I used an enum containg the SQL keywords (SELECT, INSERT, ...) and basically parsed each line, iterating over the enum to determine if any SQL was present. Additionally, I had to make sure that the parser was not erroneously detecting html (for example <\select>).

For me this solution worked fine, but now I have a little more time on my hands now and have thought about refactoring the code to use a more elegant (and efficient) solution. Please limit your solutions to using C# as that is what I wrote my program in.

+1  A: 

Your solution seems fine to me. The other way would be to parse the PHP file with a Lex/Yacc parser using the grammar for PHP, there is one good C# grammar parsing tool called Coco/R http://www.ssw.uni-linz.ac.at/coco/.

However I believe if you do parse the language, you will end up consuming too much time (in development and in computing) for no additional results.

I would stick with your opportunistic approach, but test it against various PHP code and tweak it to cover all possible cases.

Vincent
+1  A: 

Maybe theres some milage in parsing text lines against the BNF for, say, SQL92, and scoring each line on how closely the fragments match the grammar.

Sounds like some heavy lifting though. Your simple approach will catch such a large percentage of real-world cases already.

Cheekysoft
+1  A: 

I do not know the specifics of variables in C# so you will have to forgive or down-vote me for using PHP but 70% of the time my SQL query goes into a variable like so

$sql = "SELECT * FROM table;";

Beyond that I am unable to think of anything you can do to improve on what you already have.

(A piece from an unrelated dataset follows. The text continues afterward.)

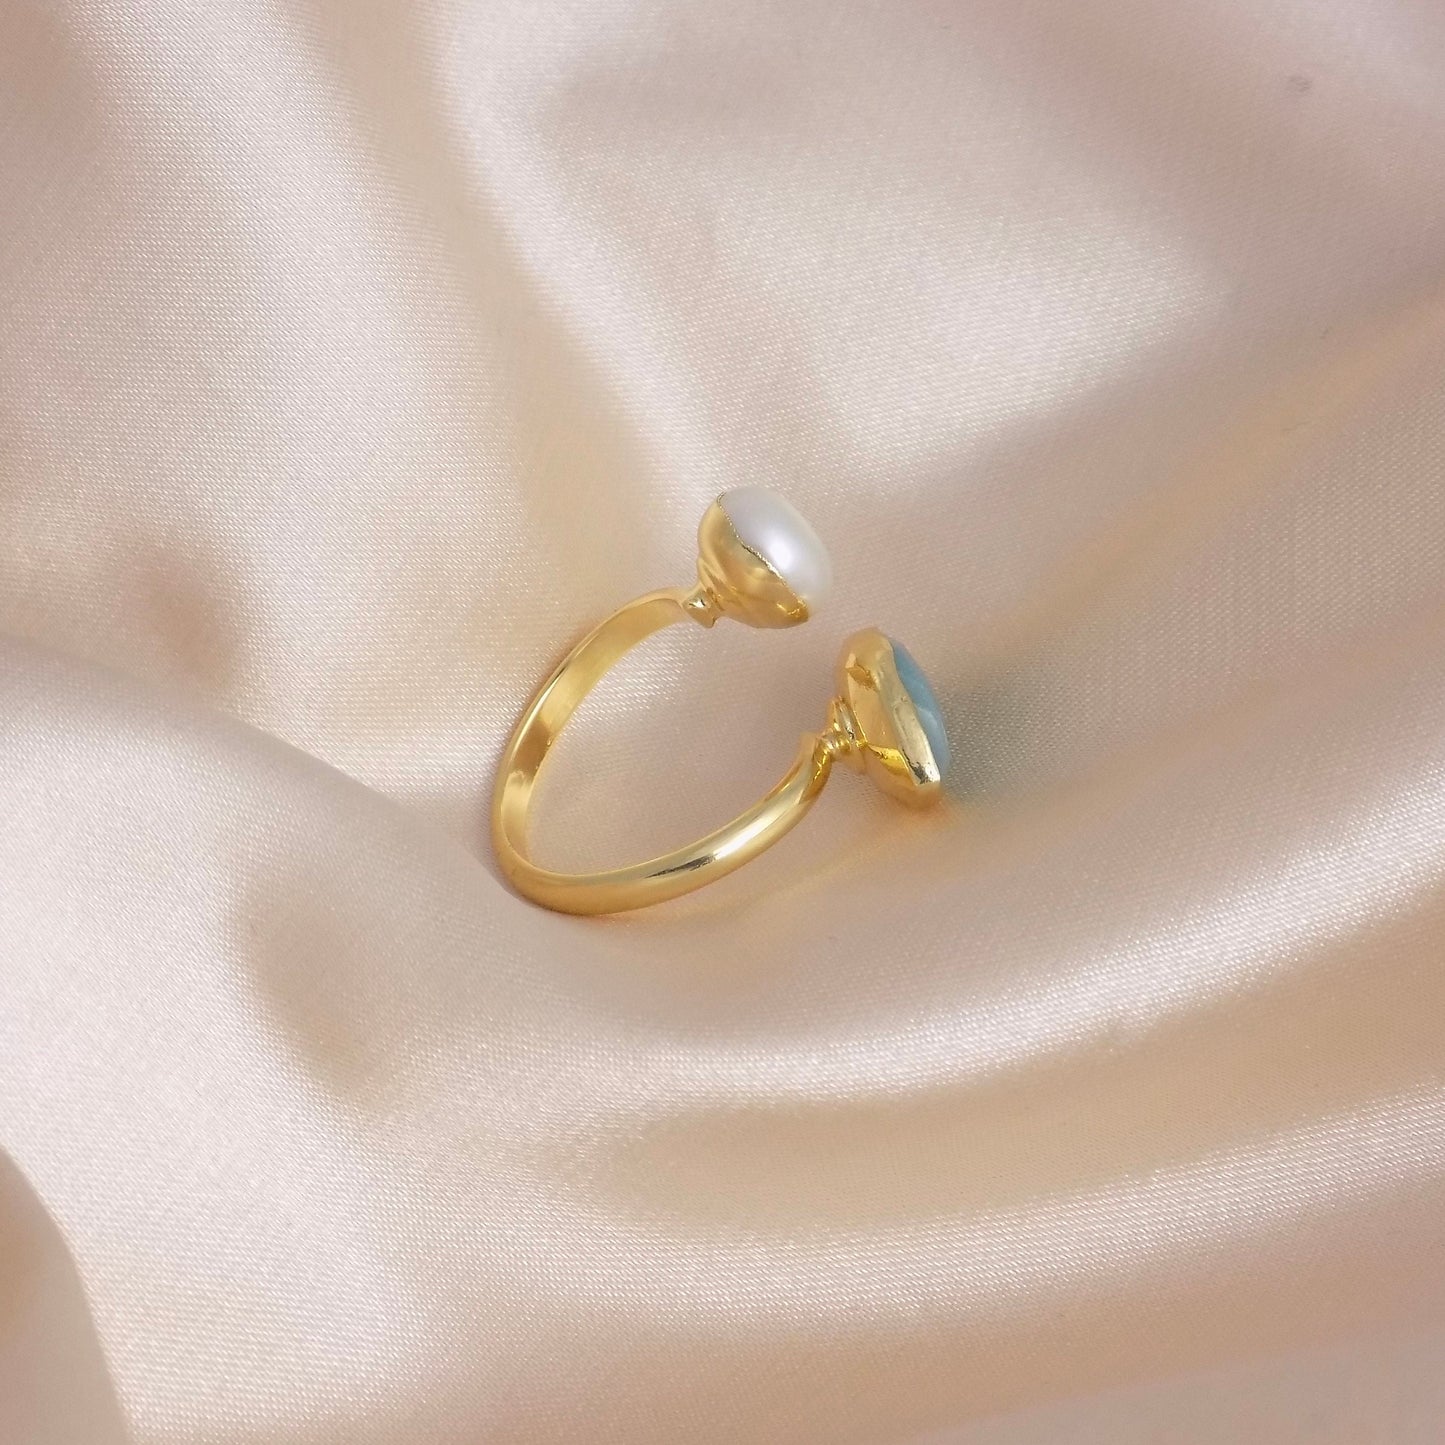 Amazonite Ring, Freshwater Pearl Ring, Gold Adjustable Multistone Statement Rings, Gift Women, M6-739

Do you take into account statements that are created over several lines and use variables within the string? (Example below)

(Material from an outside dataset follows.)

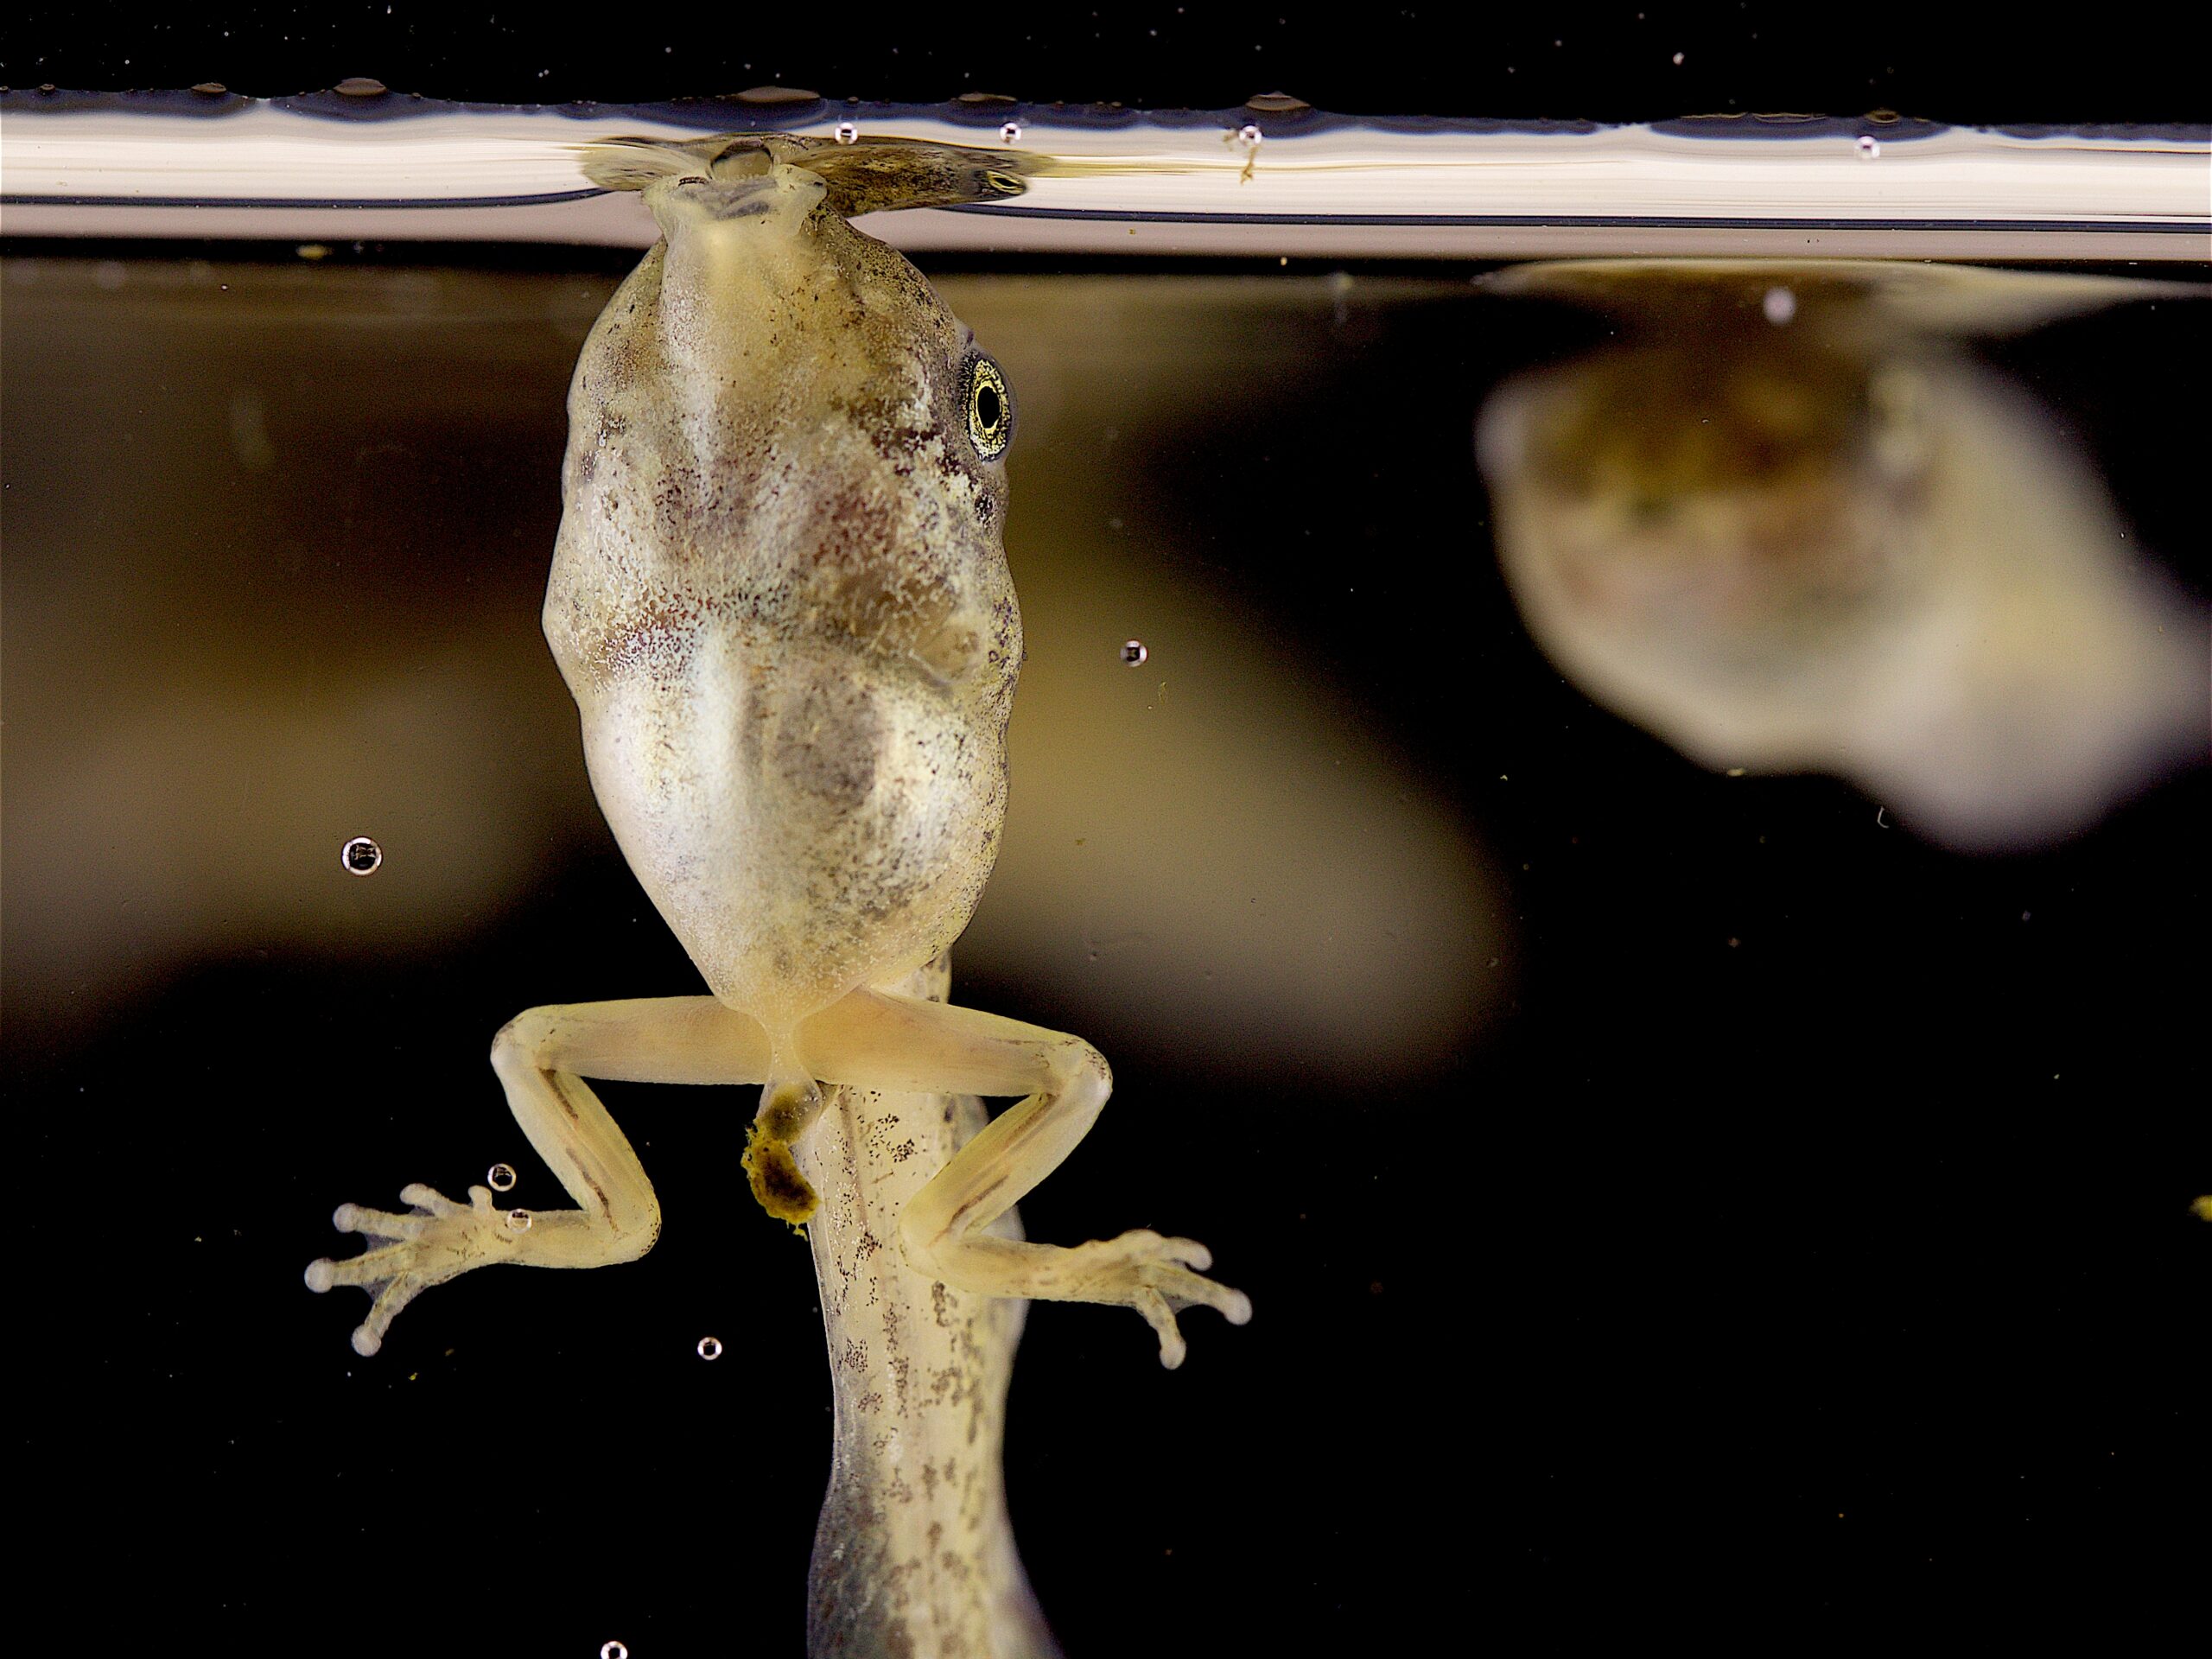 Watch tiny tadpoles breathe by ‘bubble sucking’

$sql = "SELECT * FROM table WHERE fname = $fname OR snmae = $sname";
Teifion
A: 

I do not know the specifics of variables in C# so you will have to forgive or down-vote me for using PHP but 70% of the time my SQL query goes into a variable like so ..

Yeah, my original approach was to just look for the $sql vars since that is what most people use, but after testing against a few PHP apps I quickly threw that solution out because some developers use some funky variable names ...

Do you take into account statements that are created over several lines and use variables within the string? (Example below)

Yep. I also attempted to handle statements that were generated conditionally, but that didn't always work so well. ;)

Magic Hat
A: 

A simple regex to detect all CRUD sql statements used with functions (assuming $script contains the whole php script)

preg_match_all('/\(\s*?"(?:SELECT|INSERT|UPDATE|DELETE) .*?"\s*?\)\s*?;/is', 
               $script, $matches);

It should match all possible SELECT, INSERT, UPDATE, DELETE statements, if they're placed within parentheses and double quotes. It's case insensetive and should match statements that span across multiple lines too.

edit #1: Regex for matching CRUD statement like string assignments;

preg_match_all('/\$\w+\s*?=\s*?"(?:SELECT|INSERT|UPDATE|DELETE) .*?"\s*?;/is', 
               $script, $matches);

edit #2:

// $variable detecting version of #1 regex
preg_match_all('/\(\s*?"(?:SELECT|INSERT|UPDATE|DELETE) .*?(?:\$\w+){1}.*?"\s*?\)\s*?;/is', 
                   $script, $matches);
Imran
+1  A: 

I would say it would be best to look for function calls instead of looking for SQL itself. Possibly modify the PHP parser to look for function calls that result in running an SQL query which is not a prepared query.